While macroeconomic stability has been achieved to some extent, the business community argues that stability alone cannot unlock jobs, exports, or long-term expansion unless it is paired with structural reforms and meaningful relief for the private sector.

In the latest episode of On My Radar, Kamran Khan said Pakistan’s economic debate is now centered on a fundamental tension: the government’s obligation to meet strict IMF conditions versus growing pressure from industry to create a more growth-friendly fiscal environment. He noted that this balancing act has become one of the defining challenges ahead of the upcoming federal budget.

Against this backdrop, Prime Minister Shehbaz Sharif recently held a detailed and at times intense exchange with leading business figures. The discussion underscored sharply contrasting priorities: the private sector is seeking a growth-oriented budget focused on tax reduction and easing the cost of doing business, while the government remains bound by IMF revenue targets and fiscal constraints.

According to discussions from the meeting, businesses argue that lower taxation, reduced operating costs, and a more enabling regulatory environment are essential to spur investment, accelerate industrial expansion, and boost exports. Without these measures, they warn, economic growth will remain limited despite macroeconomic stability.

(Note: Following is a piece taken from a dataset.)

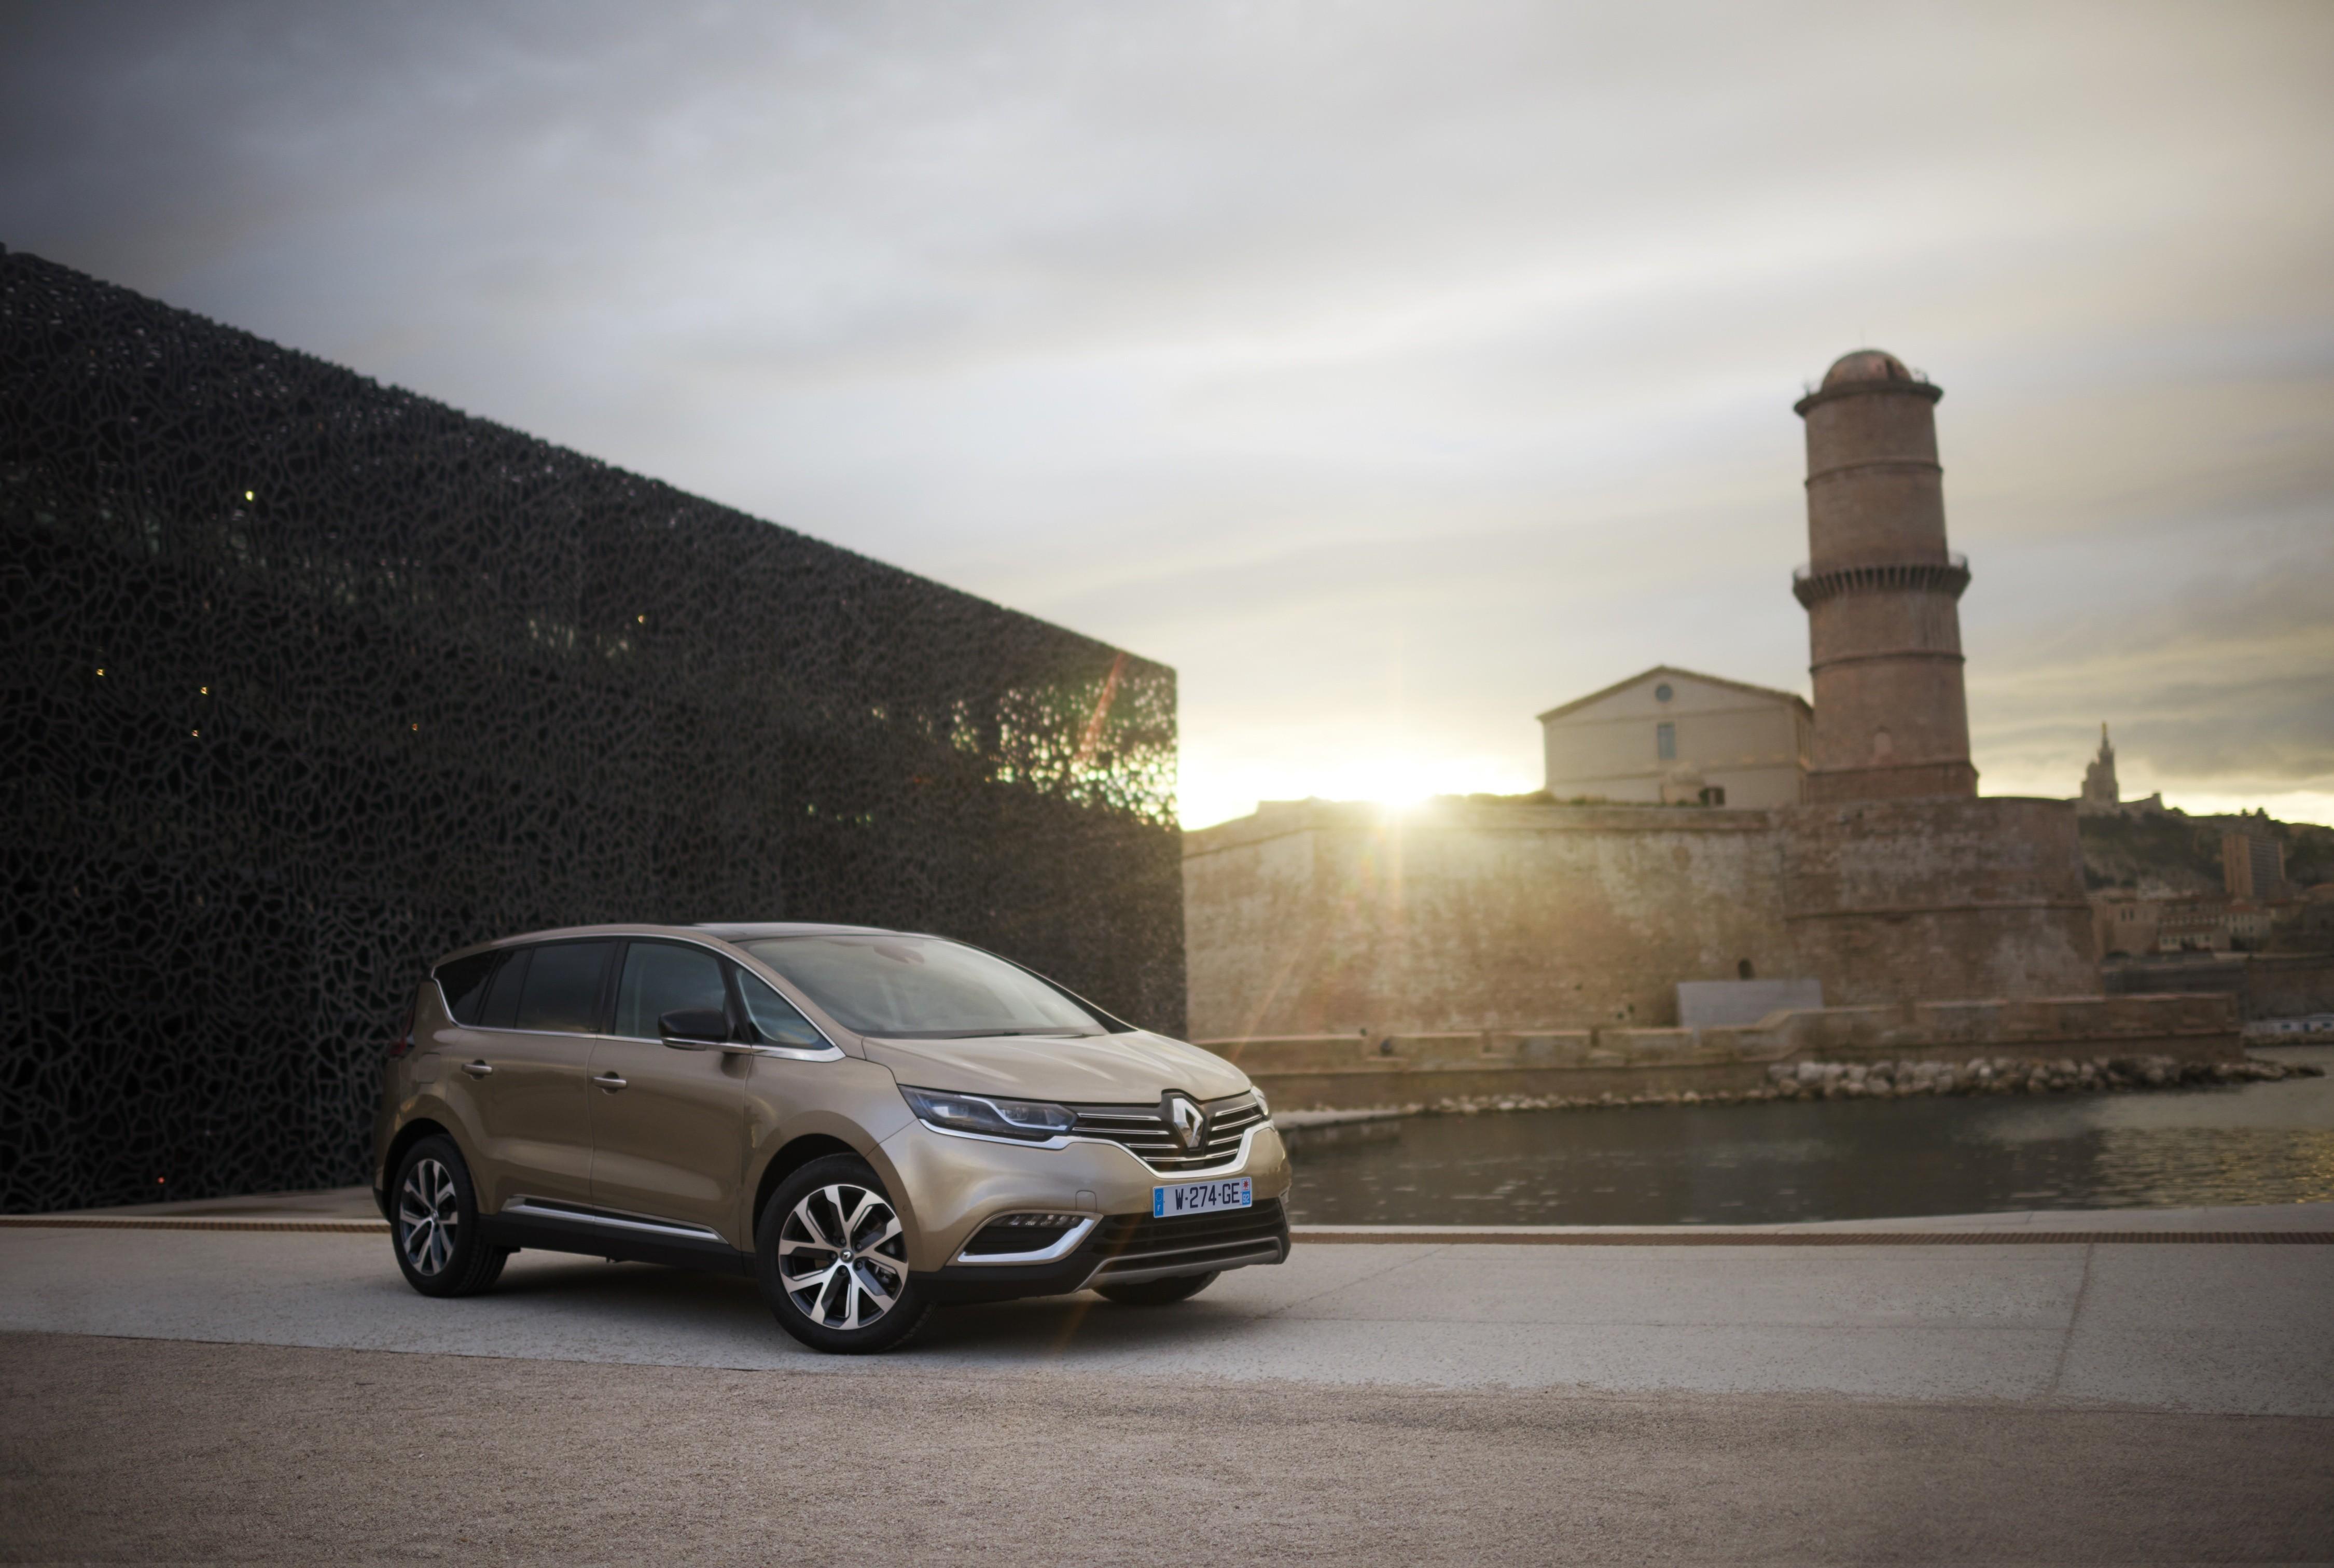 Renault_location-voiture-marseille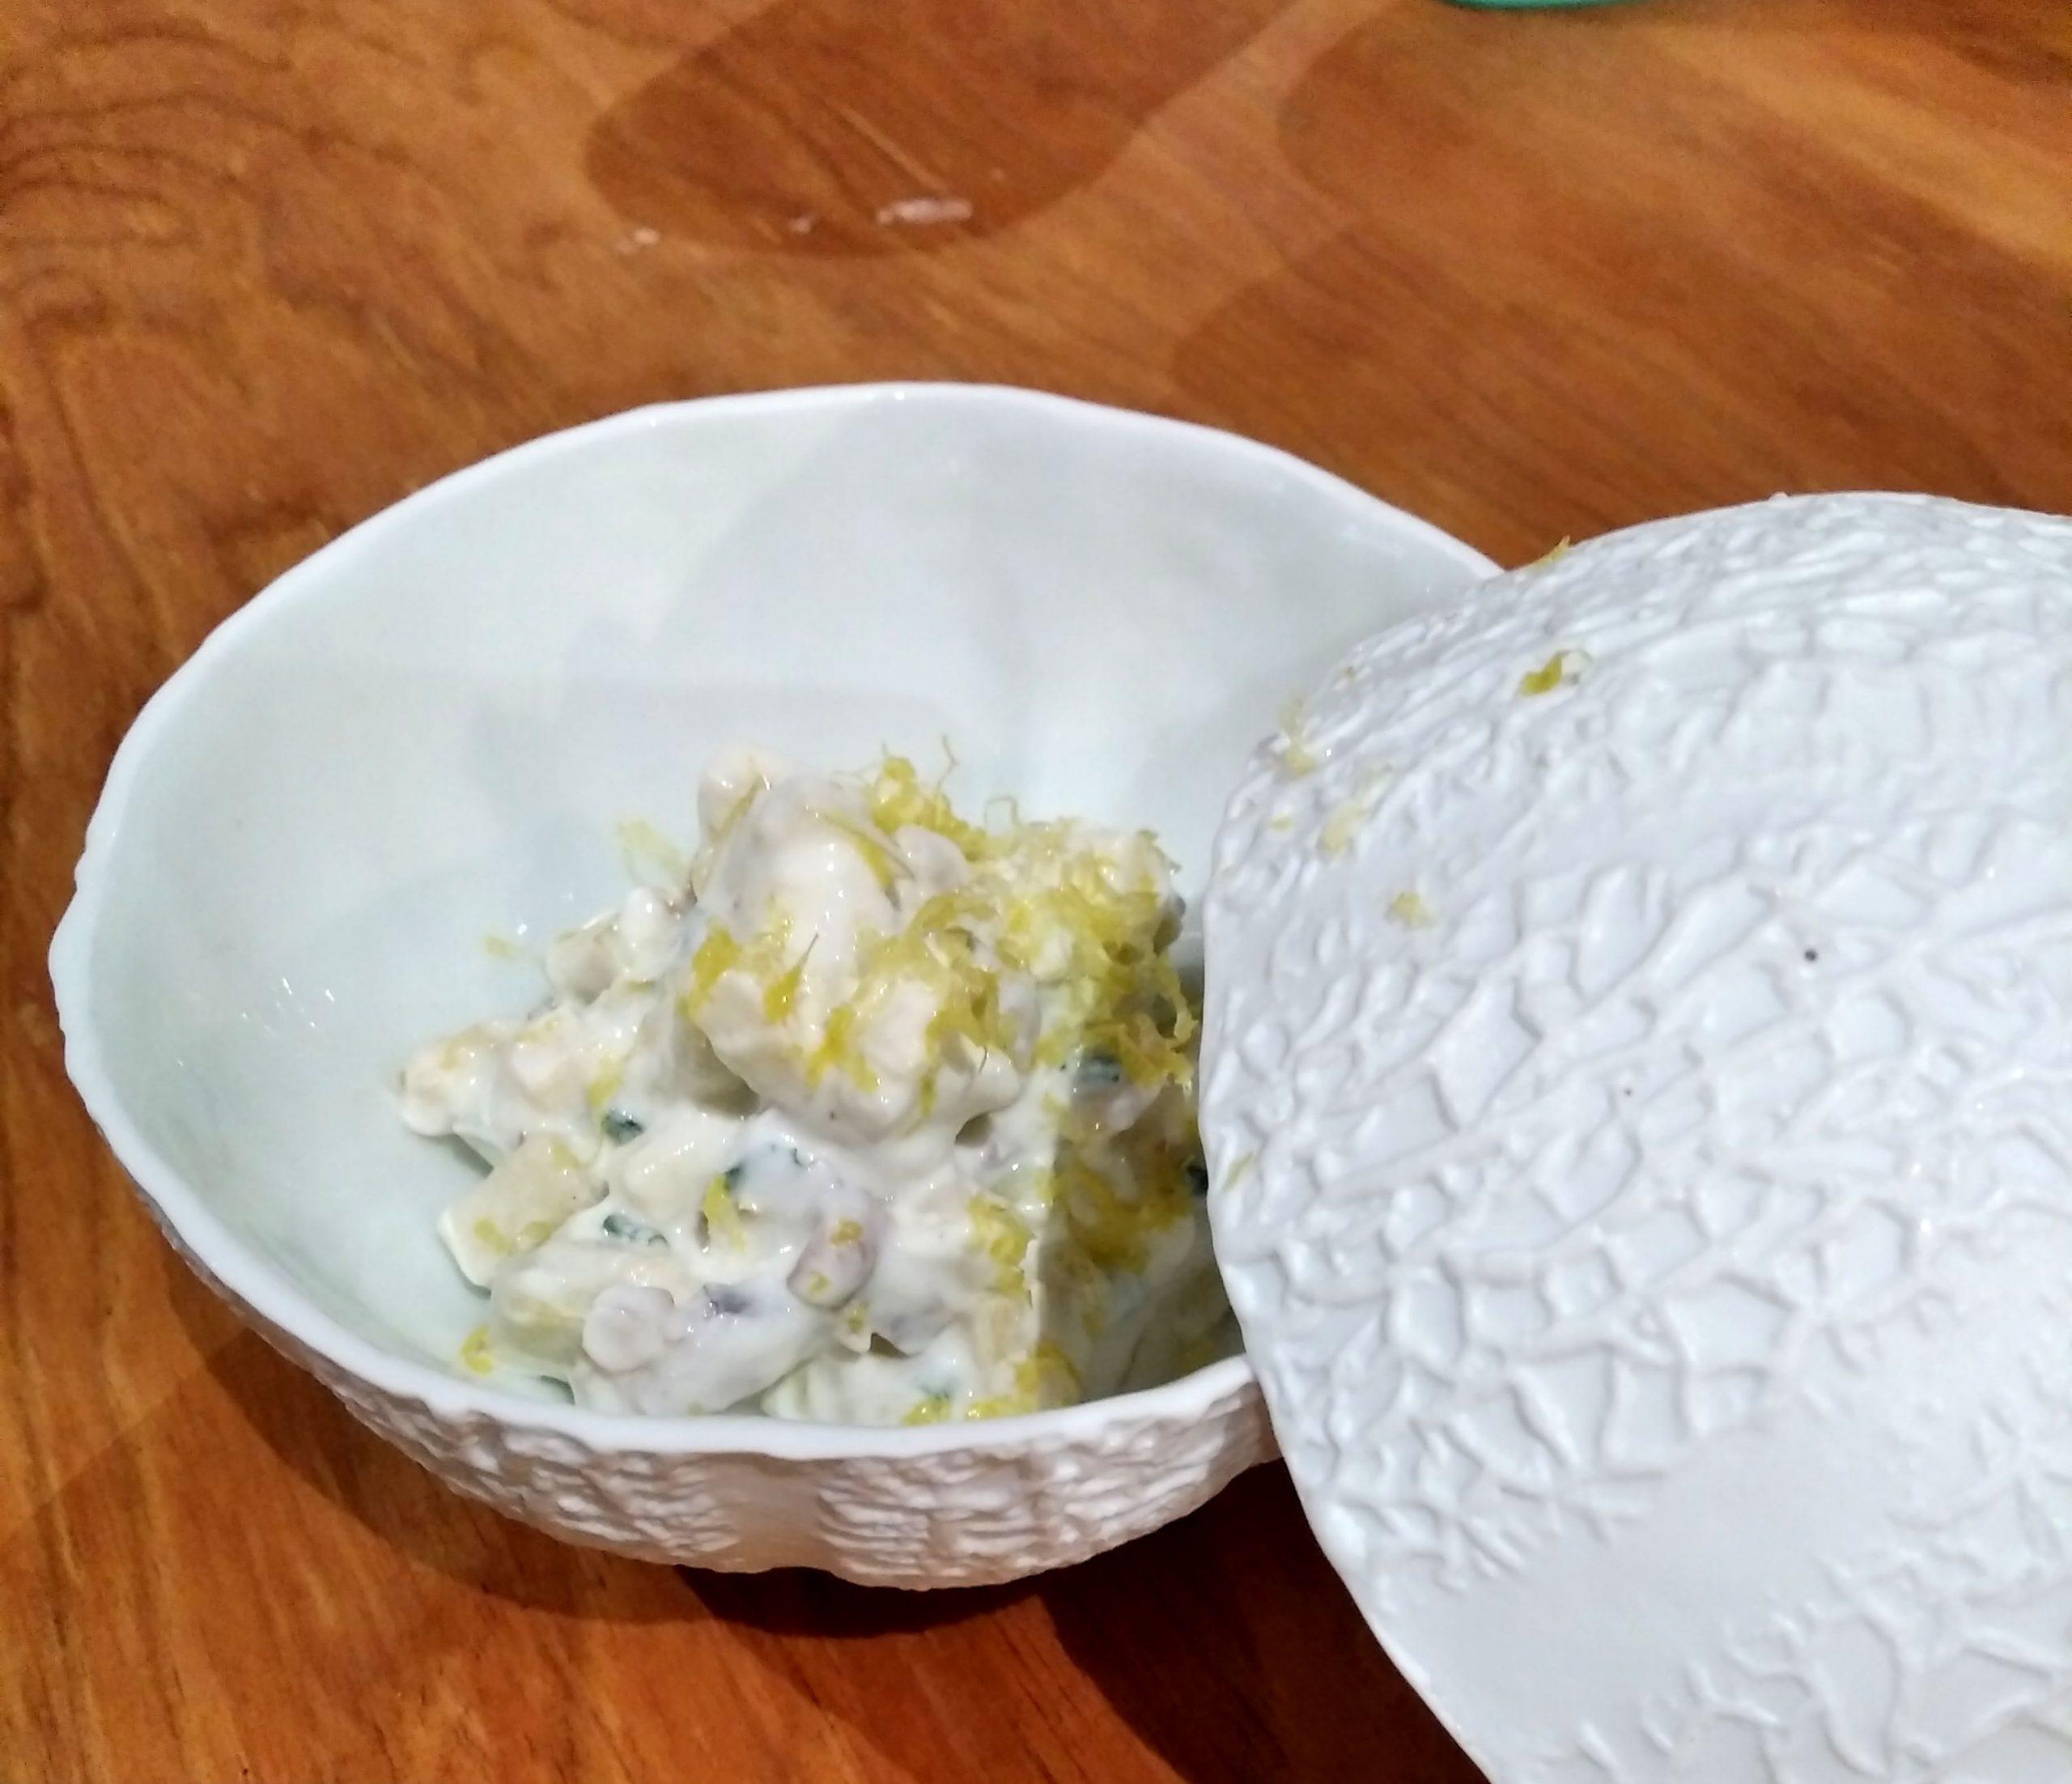 Verrine de compotée d'échalions du Poitou, pommes du Limousin AOP au curry, chantilly de cabécou du Périgord et crumble

Reports also suggest that delays in finalizing the upcoming budget are linked to ongoing discussions with the IMF, with some key fiscal measures still awaiting consensus. The government is seeking space for targeted tax relief, increased Public Sector Development Program (PSDP) allocations, and additional room for defense spending. In contrast, the IMF is reportedly pressing for strict fiscal discipline and a primary surplus of around 2 percent of GDP in the next fiscal year, alongside the achievement of a PKR 15.26 trillion revenue target.

During the meeting, the government reportedly signaled several possible measures aimed at easing business concerns. These include clearing pending tax refunds by June 15, maintaining the Export Finance Scheme rate at 4.5 percent until June 2027, and advancing reforms in tax system digitization, tax tribunals, commercial courts, and logistics and transport infrastructure.

If implemented effectively, these steps could help improve investor confidence, strengthen exports, and ease operational bottlenecks for businesses. However, the central question remains unresolved: can the government meet ambitious IMF-mandated revenue targets while also delivering meaningful relief to the private sector?

Analysts warn that if the tax burden continues to fall disproportionately on existing compliant taxpayers, economic growth may remain constrained. Conversely, if reforms succeed in broadening the tax base, reducing the cost of doing business, and improving competitiveness, Pakistan could potentially enter a more sustainable growth cycle.